TRILL Switching for WISPS, Part 2
< Part 1… intro in case you missed it
Many WISPS start out with a bridged/switched network. It's cheap and easy to create (simply plug stuff in!) but doesn't scale well. Sooner or later, the only way to scale up is to scale out — using routers, not just switches and bridges.
I learned the practical limits of spanning tree the hard way, somewhere around the last century. Since then, I've been a proponent of Routing All The Bits.

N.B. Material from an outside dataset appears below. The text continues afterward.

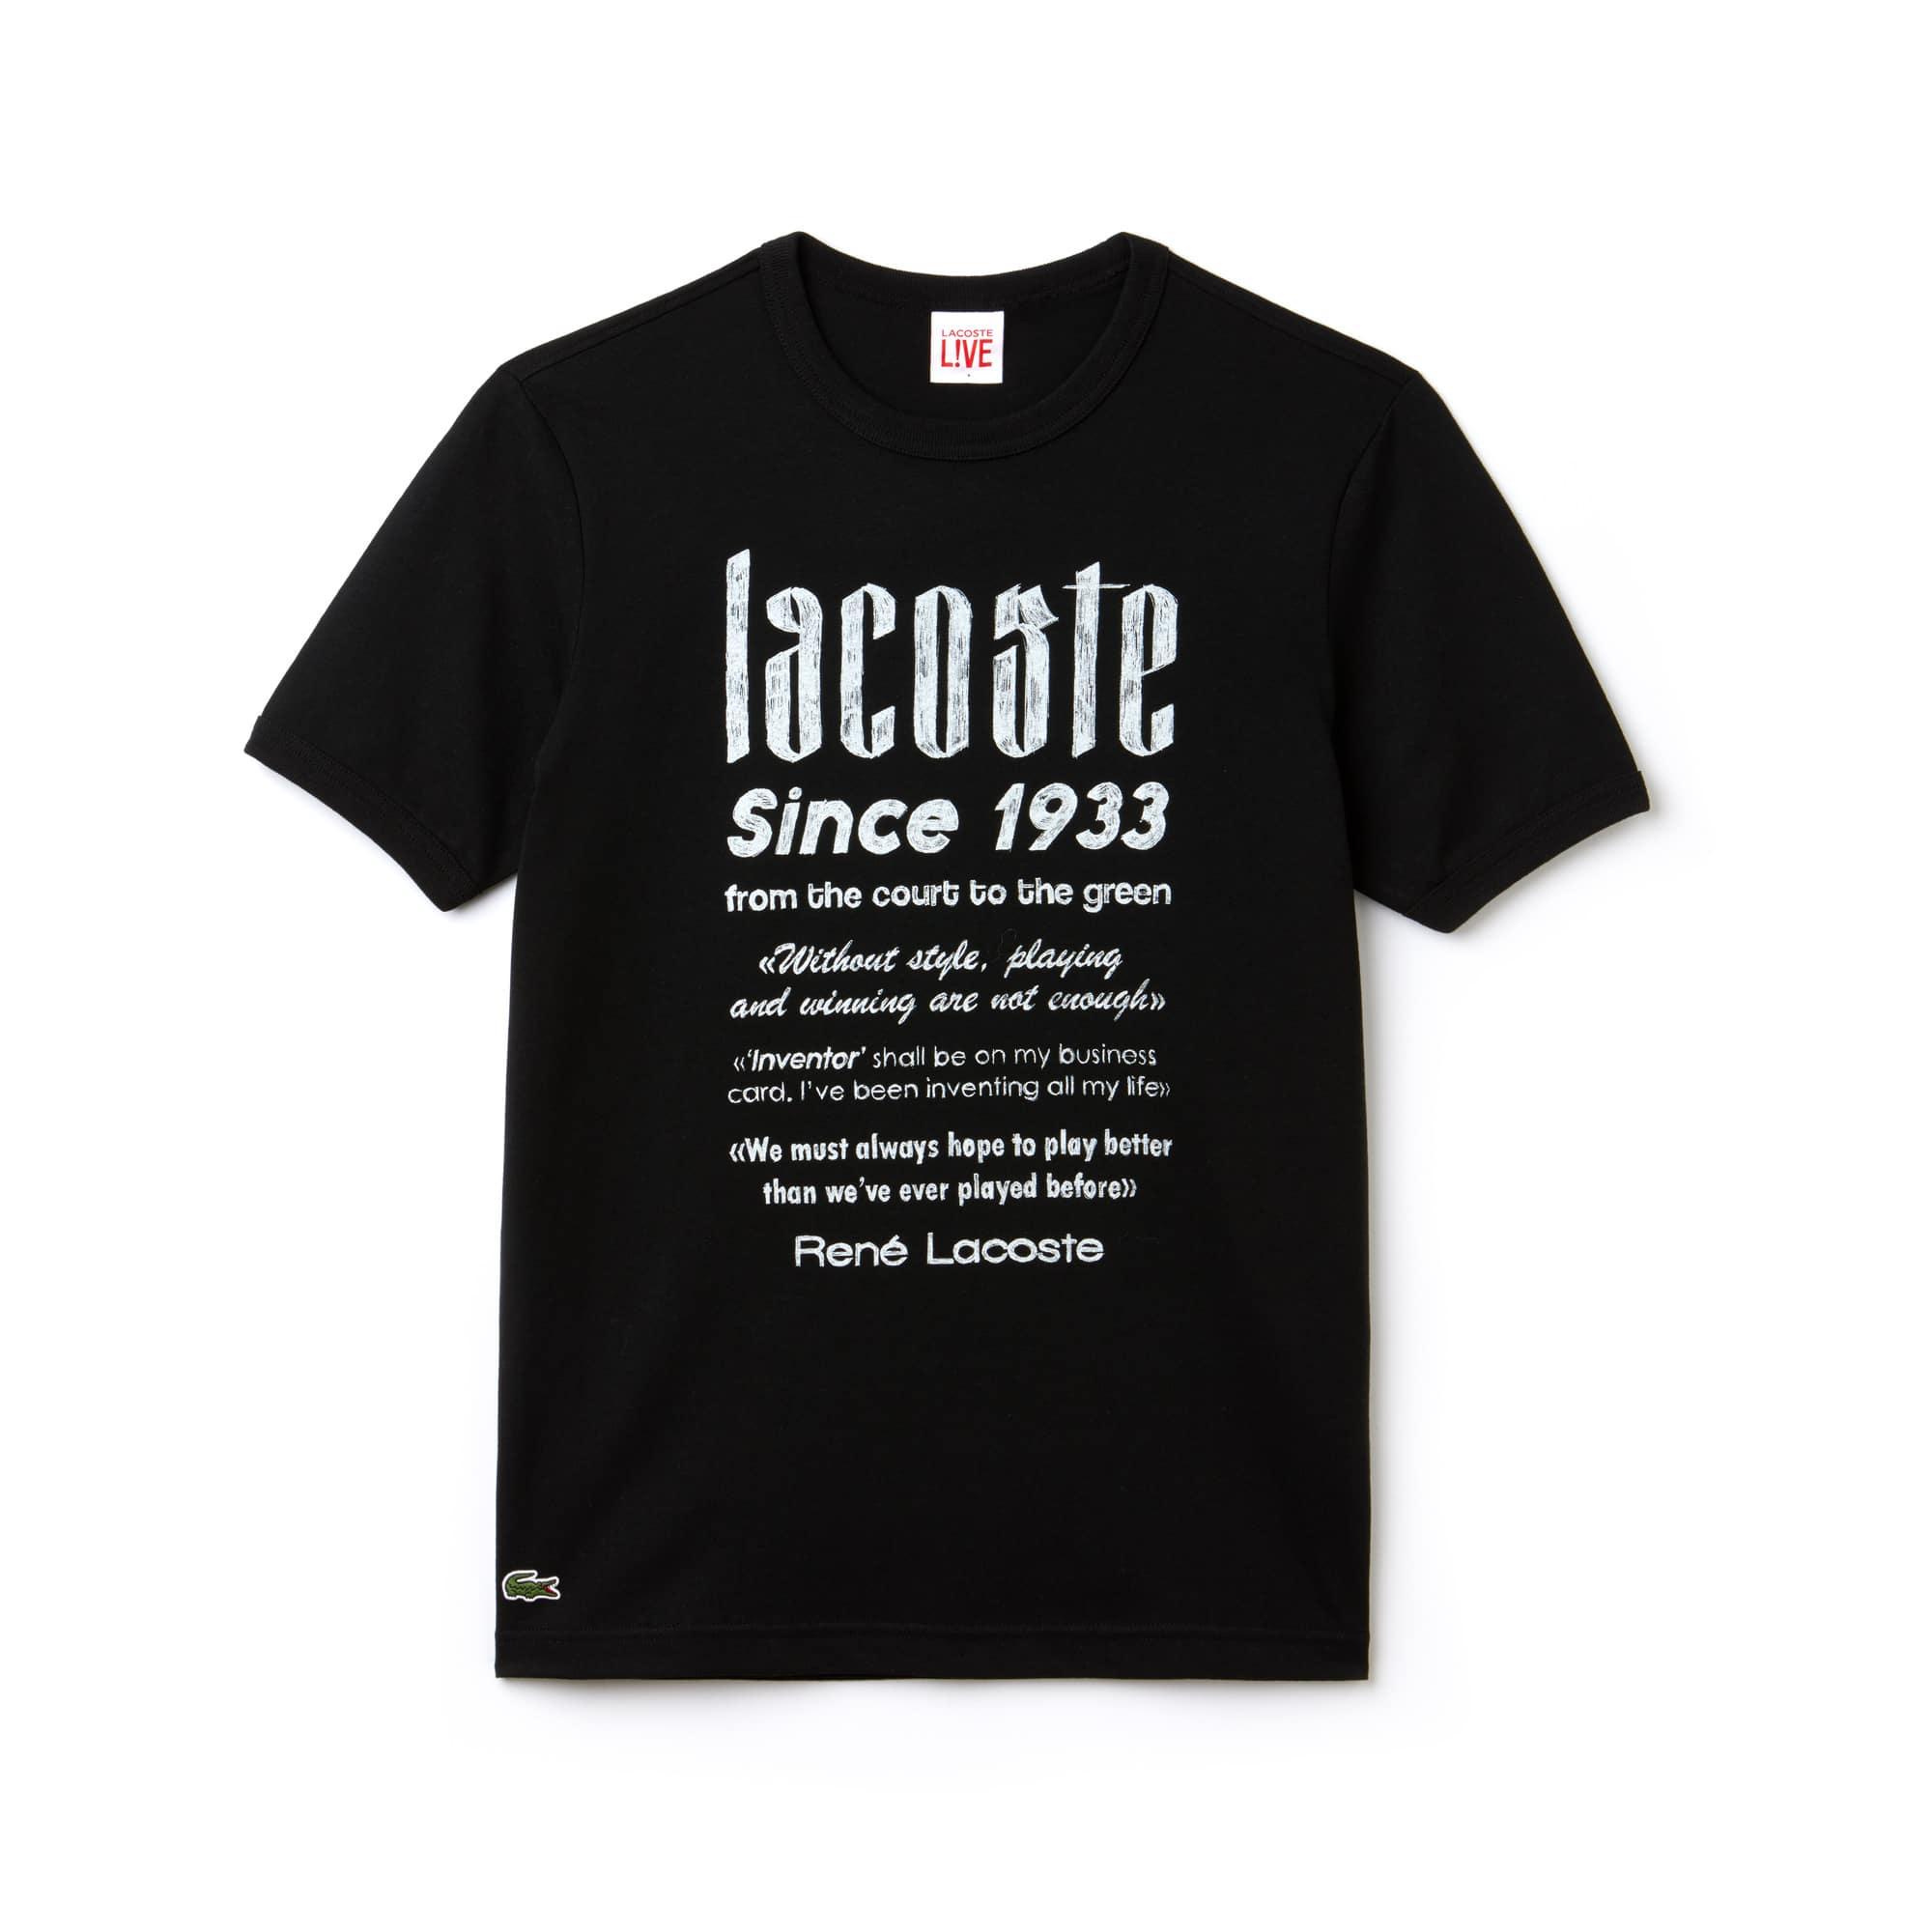 Lacoste LIVE男士圆领设计印花棉质T恤

So for me, moving back to 'switching,' even on a small test network segment, felt a bit grungy. We'll test a mesh of up to 10 TRILL switches from IgniteNet in a real deployment.
In Part 1, we saw that TRILL is an overlay network. It's actually a routed network underneath. In practice, it should be more efficient and resilient than a traditional bridged network.

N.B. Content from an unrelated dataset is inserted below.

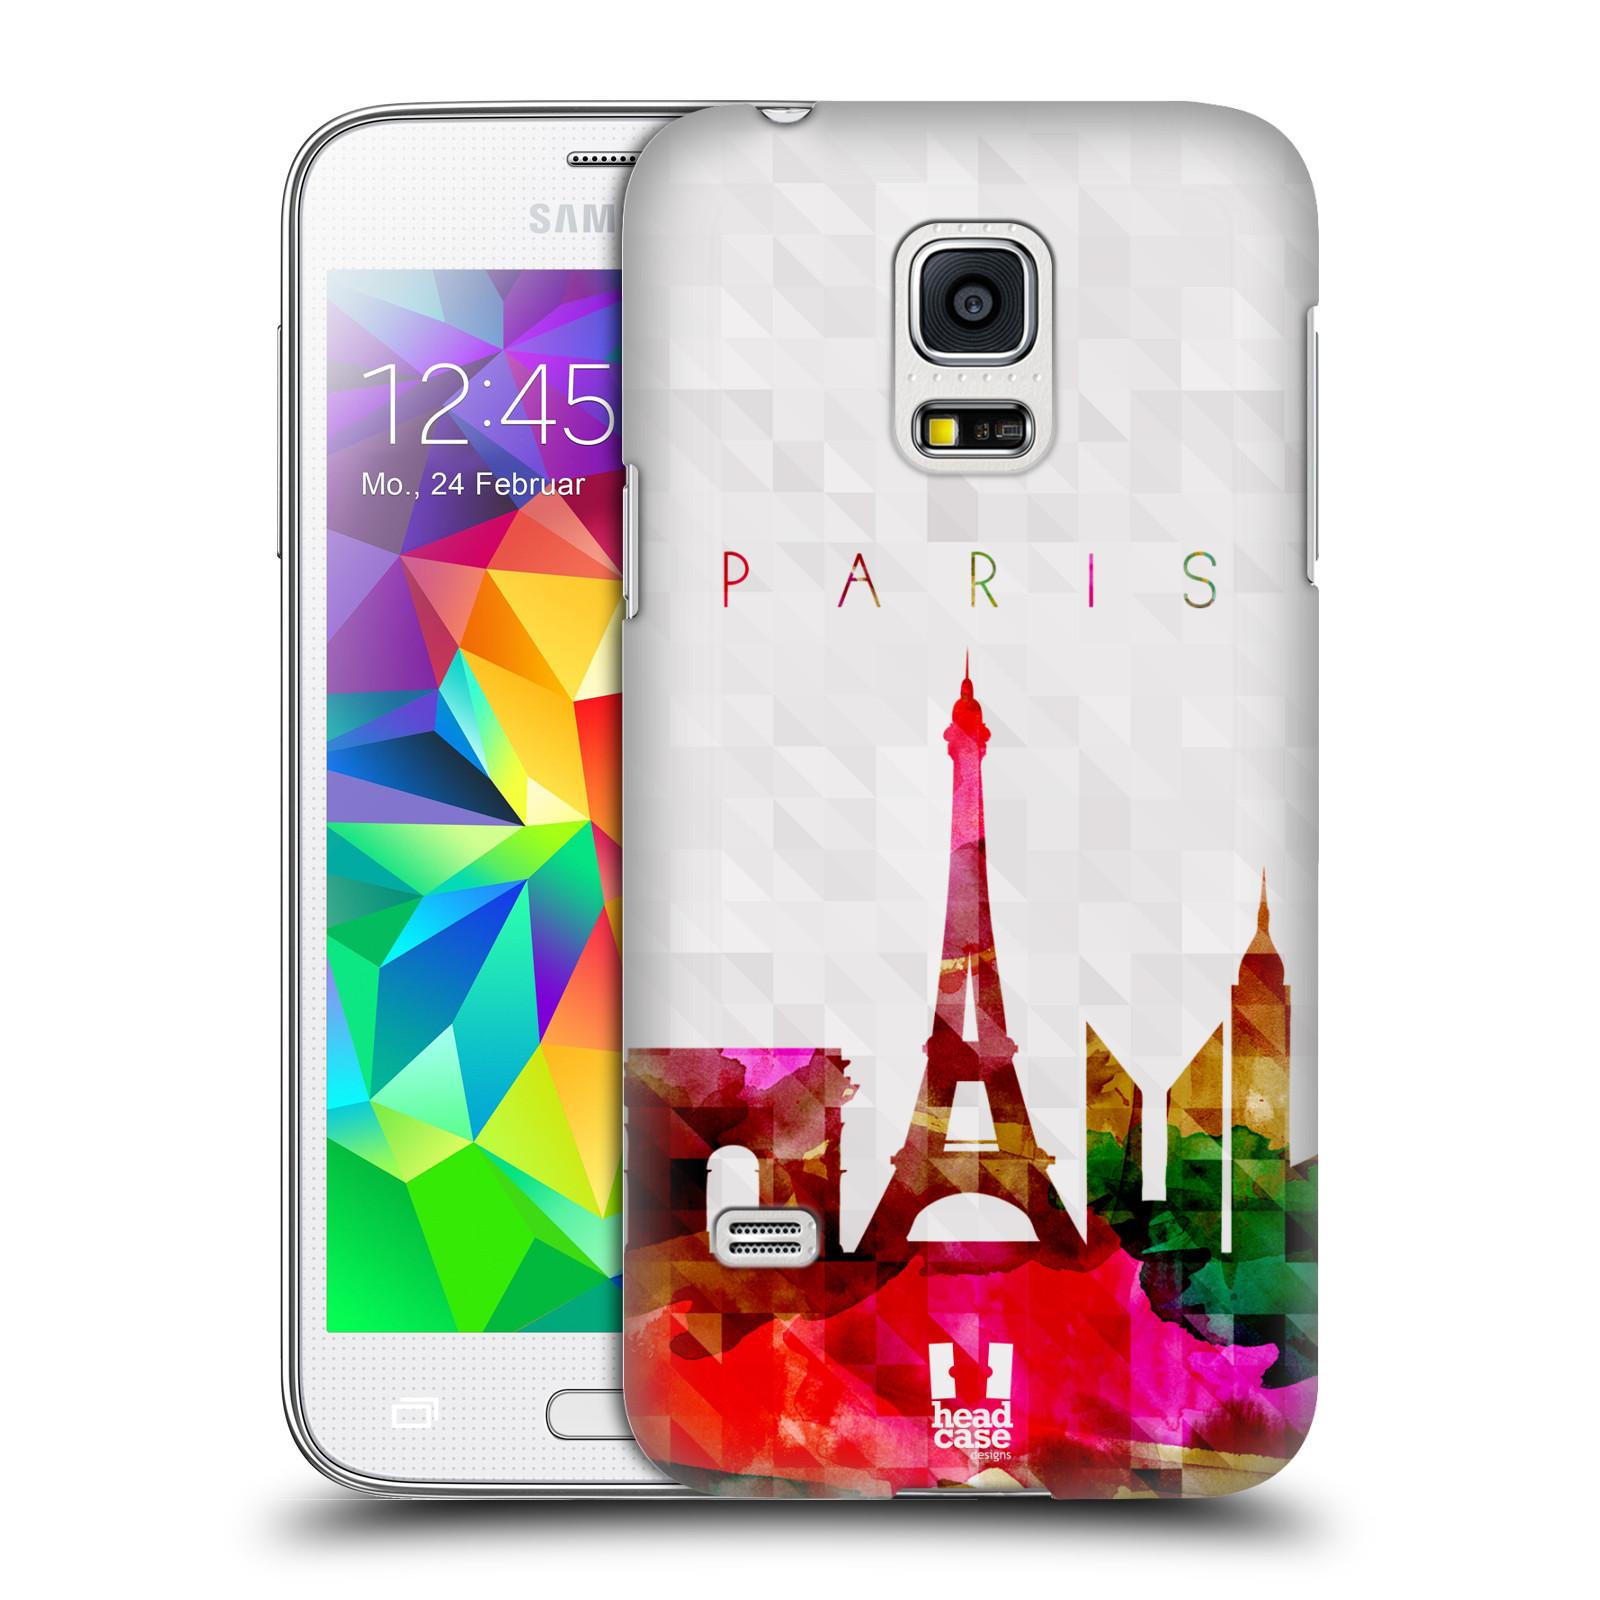 HEAD CASE plastový obal na mobil SAMSUNG Galaxy S5 MINI / S5 MINI DUOS vzor Vodní barva města silueta PAŘÍŽ FRANICE EIFFELOVA VĚŽ

Here in Part 2 we'll talk about how to configure TRILL (it's almost zero-config), and what effect it has on traffic paths. SPOILER: it picks the shortest path.
Design & Setup
Bridged Network: Foundation
We'll use a physical backhaul network of wireless and wired single links. We can use non-TRILL switches as well as TRILL switches; if a TRILL port sees Spanning Tree BPDU packets, it lets STP do its thing and steps out of the way. Consequently, we disable STP wherever we want to use TRILL to manage loop-free topology.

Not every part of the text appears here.